Posted by M. C. on July 2, 2019

Ah, but … and here is the rub, the Libra is not a naturally limited good, as Bitcoin is, but can be multiplied to infinity. It is not stabilized by reference to a basket of commodities as Hayek recommended. Rather, it will be defined by a changeable basket of fiat currencies!

In other words the Zuckerberg’s Libra can be inflated to worthlessness, as has the Continental through the dollar since 1776.

https://mises.org/wire/its-no-bitcoin-facebooks-libra-currency-tied-government-currencies

In 1975 Hayek eventually gave a lecture entitled “Choice of Currency,” in which he articulated for the first time the provocative demand that the state monopoly on money should be repealed. The publication of the monographs Free Choice in Currency and The Denationalization of Money followed a year later, in which he expanded in greater detail on his ideas on competition between private money issuers. …

What shape would an order reflecting these power-sharing principles take, and how could it emerge? Hayek argues that such an order would take shape if the following liberties were granted:

Fast forward nearly a half century and Hayek’s call for the denationalization of money seems to be a real possibility, not just a crank libertarian position safely ignored by the monetary authorities.

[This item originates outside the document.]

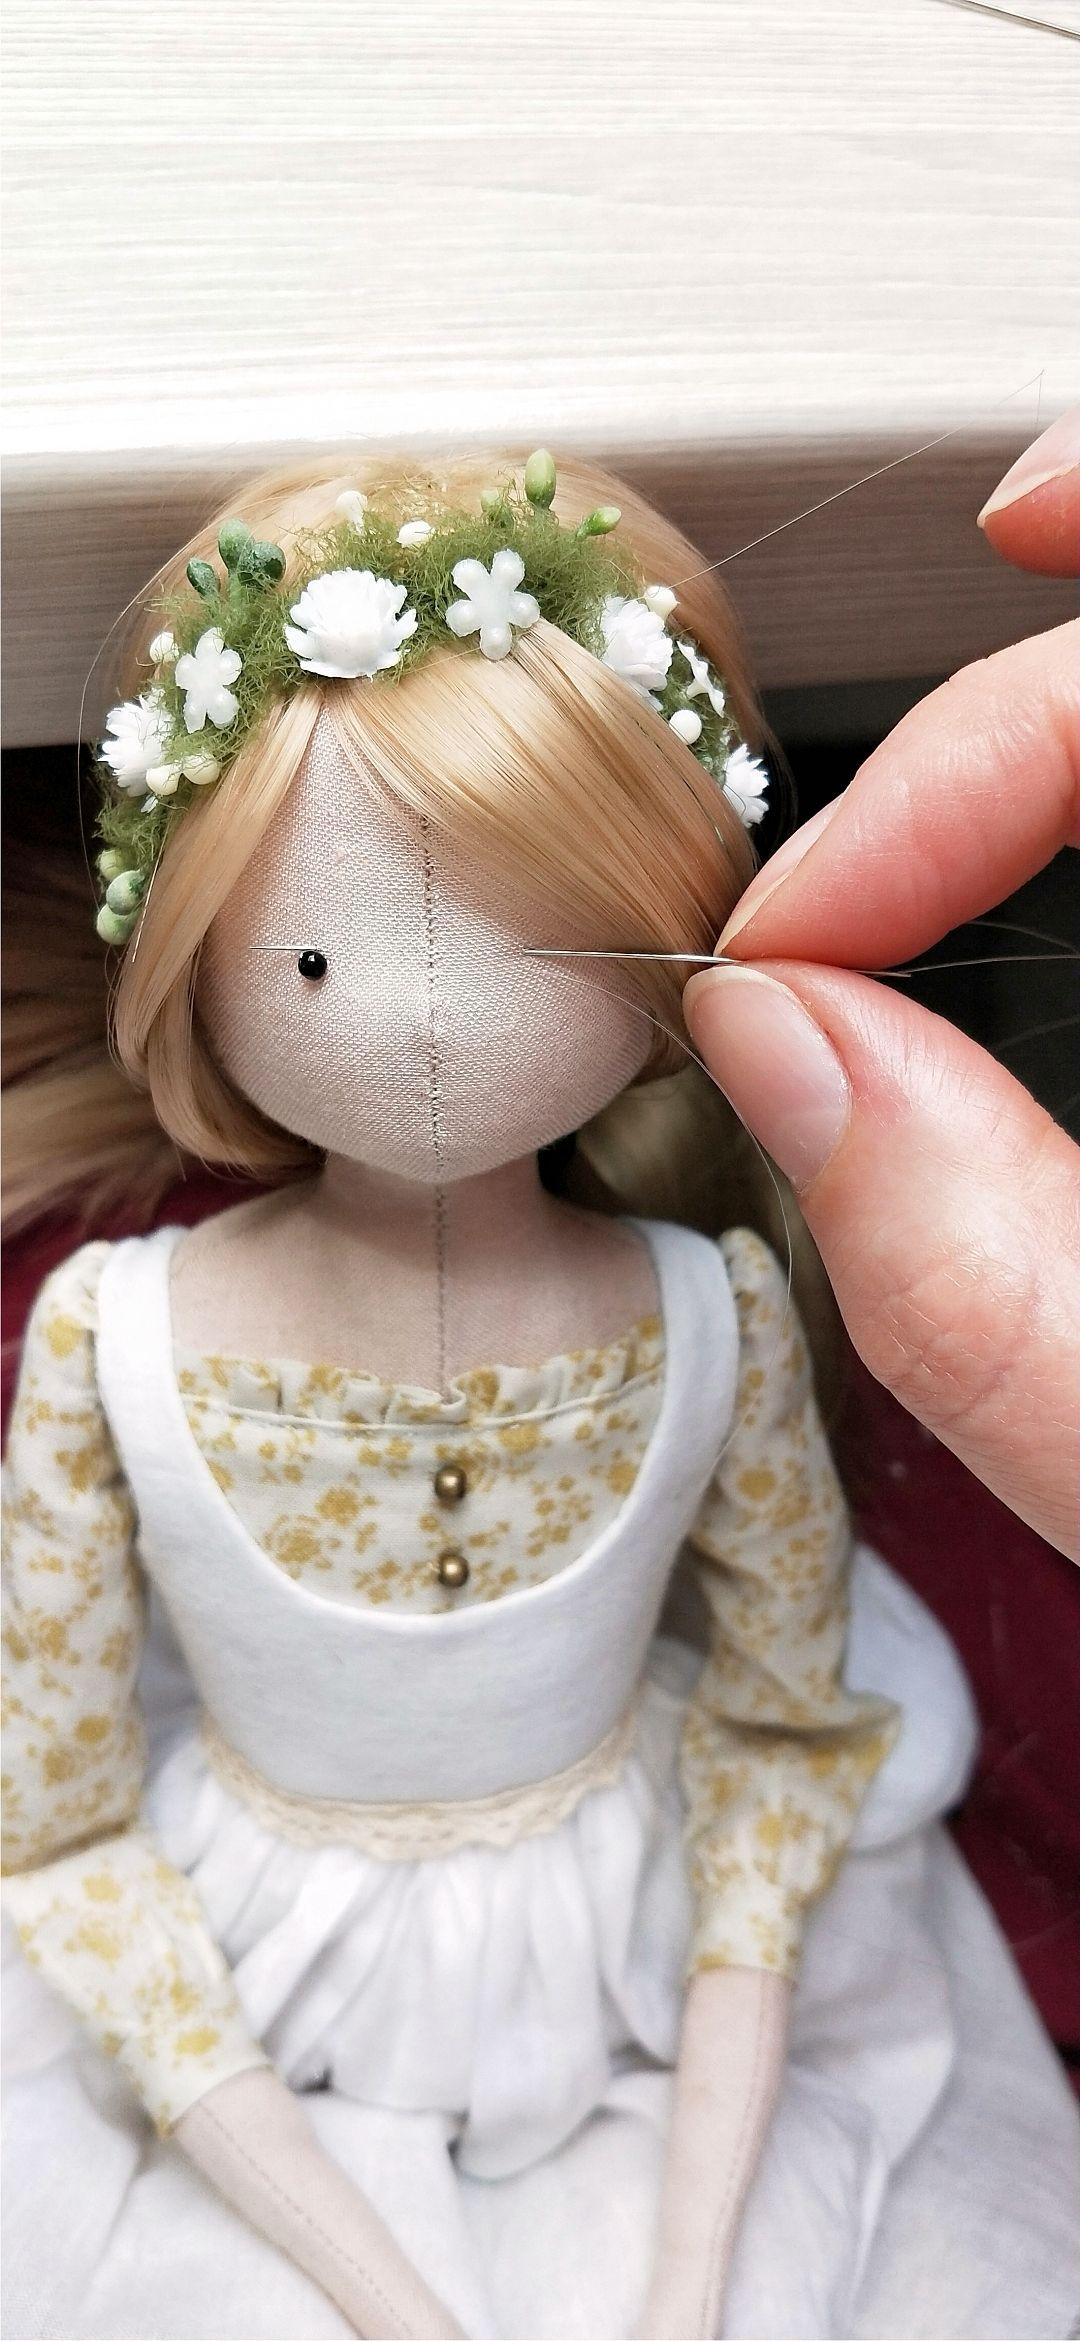 handmade sewing #handmade ...work in progress... handmade sewing doll

The coming of the block chain technology and cryptocurrencies certainly suggest that the original post-World War II Bretton Woods “settlement” of the status of money, that gold and US dollars, redeemable in gold, were the basis for international settlements, failed. As have later revisions of the idea. Thus, an era of monetary uncertainty may give rise to possibilities for market-oriented reforms.

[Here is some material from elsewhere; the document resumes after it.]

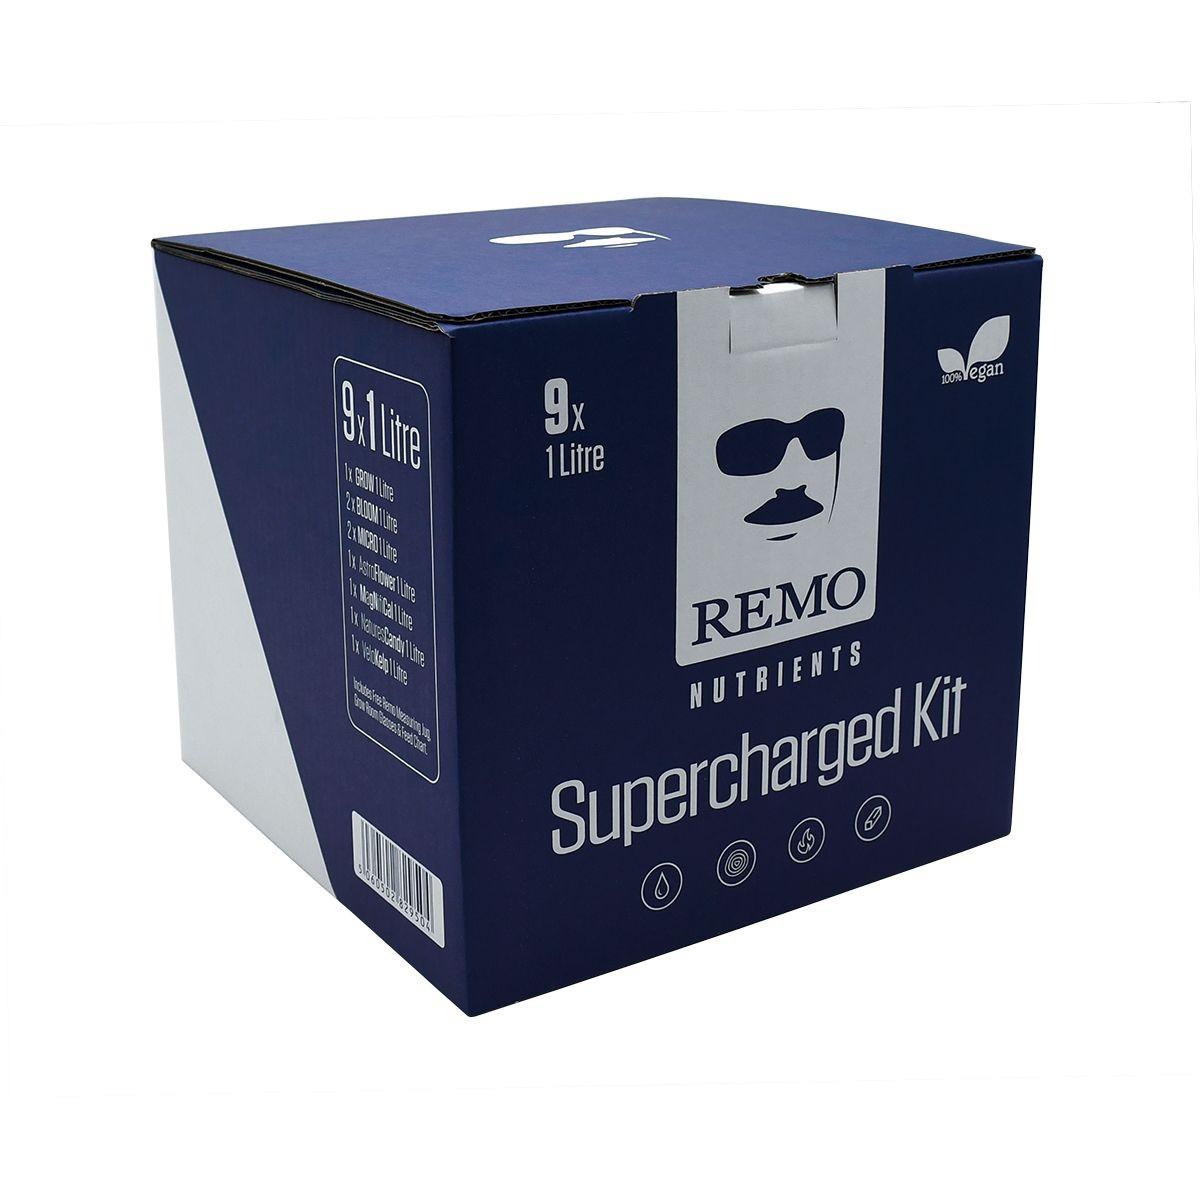 REMO SUPERCHARGED STARTER KIT 1 LITRE

Bitcoin, as an example of “virtual gold,” gains its value from the limited number of units of that cryptocurrency and the expense in “mining” more of those units, not unlike real gold. While Bitcoin is the best known of the cryptocurrencies, CoinMarketCap.com lists over a thousand crypto currencies that are traded (though a significant percentage of these are actually ICOs — Initial Crypto Offerings — a way to raise funds for a particular project). Much of the power of the cryptos is that they can be easily, and privately, bought, sold, and exchanged.

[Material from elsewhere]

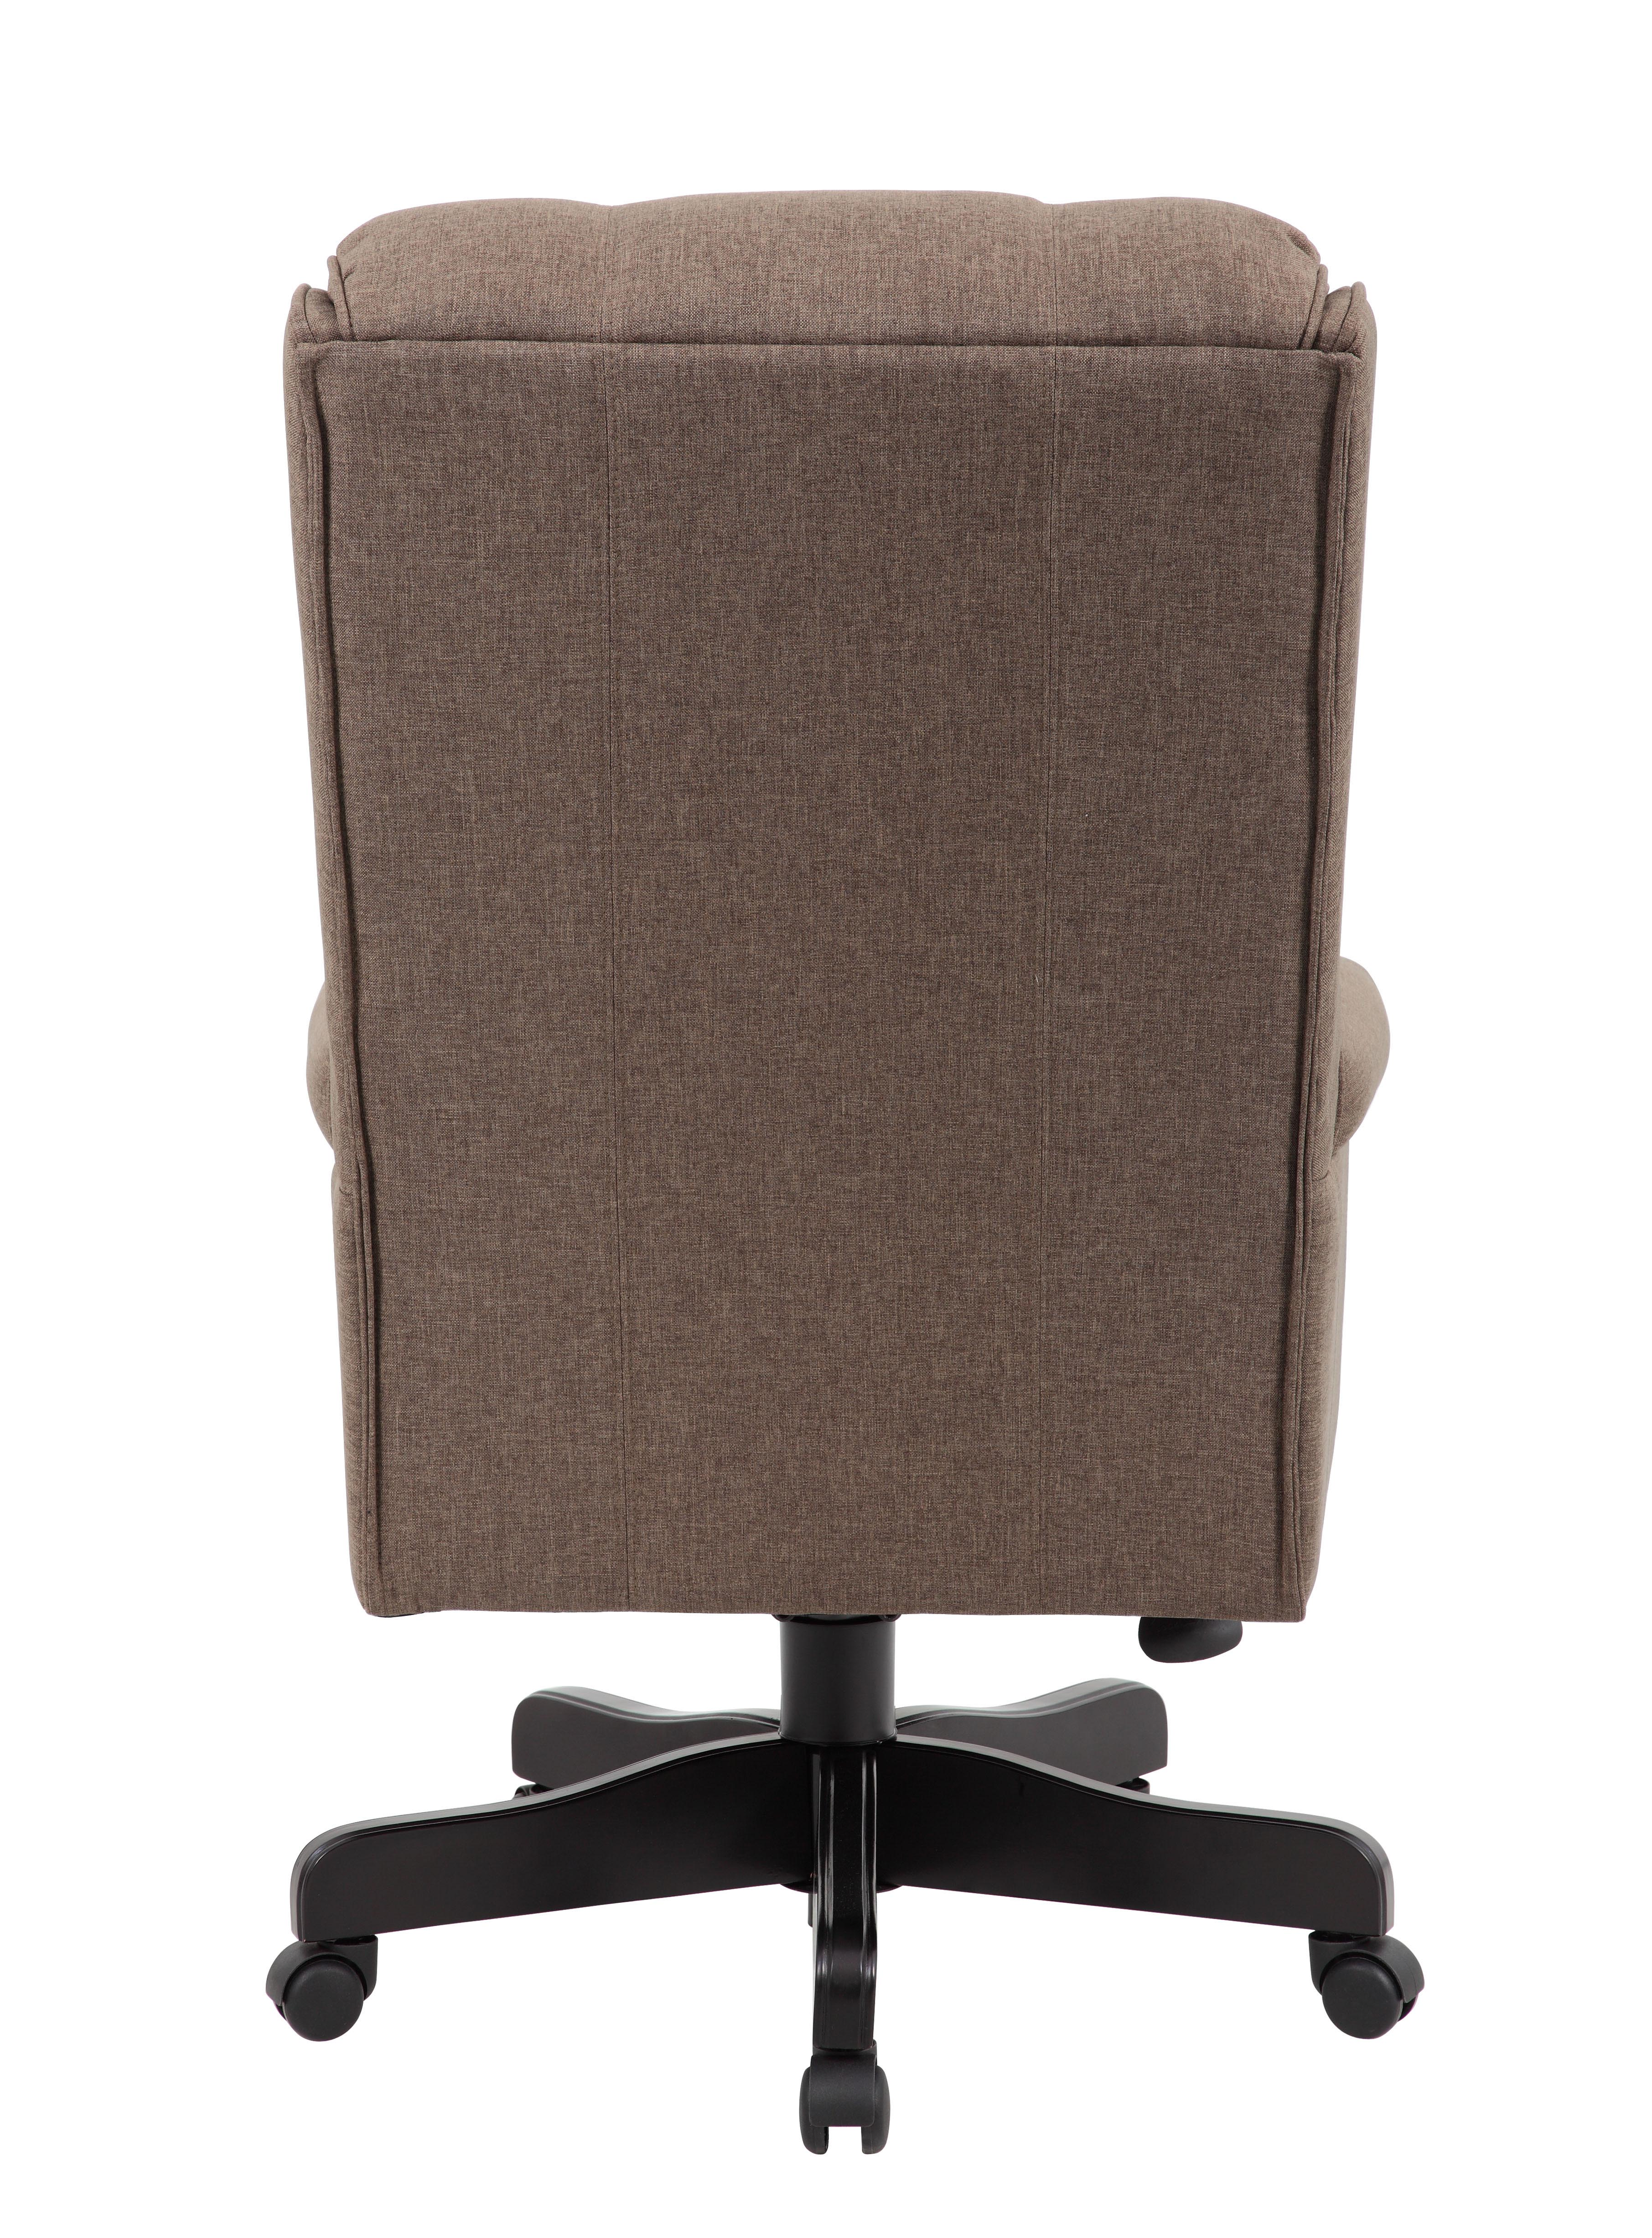 boss high back commercial grade linen chair with black base b980bk

Hayek predicted that normal market forces would apply to the goods we use to facilitate exchange (“currencies”) if only governments would get out of the way. In a free market for money he suggested that major financial institutions would sponsor competing currencies, probably defined by “baskets” of commodities. He speculates on how the market would maintain the value and stability of such currencies, far better than any political system of legal tender.

To some degree, this seems to be happening with cryptocurrencies.

And then along comes the 900 pound gorilla. Facebook, with two billion users, has decided to enter the cryptocurrency market with its Libra coin. Since the Libra would be usable as a currency on Facebook itself, the company probably has calculated that it will have a strong competitive advantage over any of the competing currencies.

Ah, but … and here is the rub, the Libra is not a naturally limited good, as Bitcoin is, but can be multiplied to infinity. It is not stabilized by reference to a basket of commodities as Hayek recommended. Rather, it will be defined by a changeable basket of fiat currencies!

That’s right. Facebook and Libra’s cooperating founding organizations (including PayPal, Visa, Uber …) hope to provide a stable cryptocurrency by tying it to a group of government currencies! According to Techcrunch:

A Libra is a unit of the Libra cryptocurrency that’s represented by a three wavy horizontal line unicode character like the dollar is represented by $. The value of a Libra is meant to stay largely stable, so it’s a good medium of exchange, as merchants can be confident they won’t be paid a Libra today that’s then worth less tomorrow. The Libra’s value is tied to a basket of bank deposits and short-term government securities for a slew of historically stable international currencies, including the dollar, pound, euro, Swiss franc and yen. The Libra Association maintains this basket of assets and can change the balance of its composition if necessary to offset major price fluctuations in any one foreign currency so that the value of a Libra stays consistent.

Well, that’s it. Zuckerberg is no Hayek. And the Libra is no Bitcoin.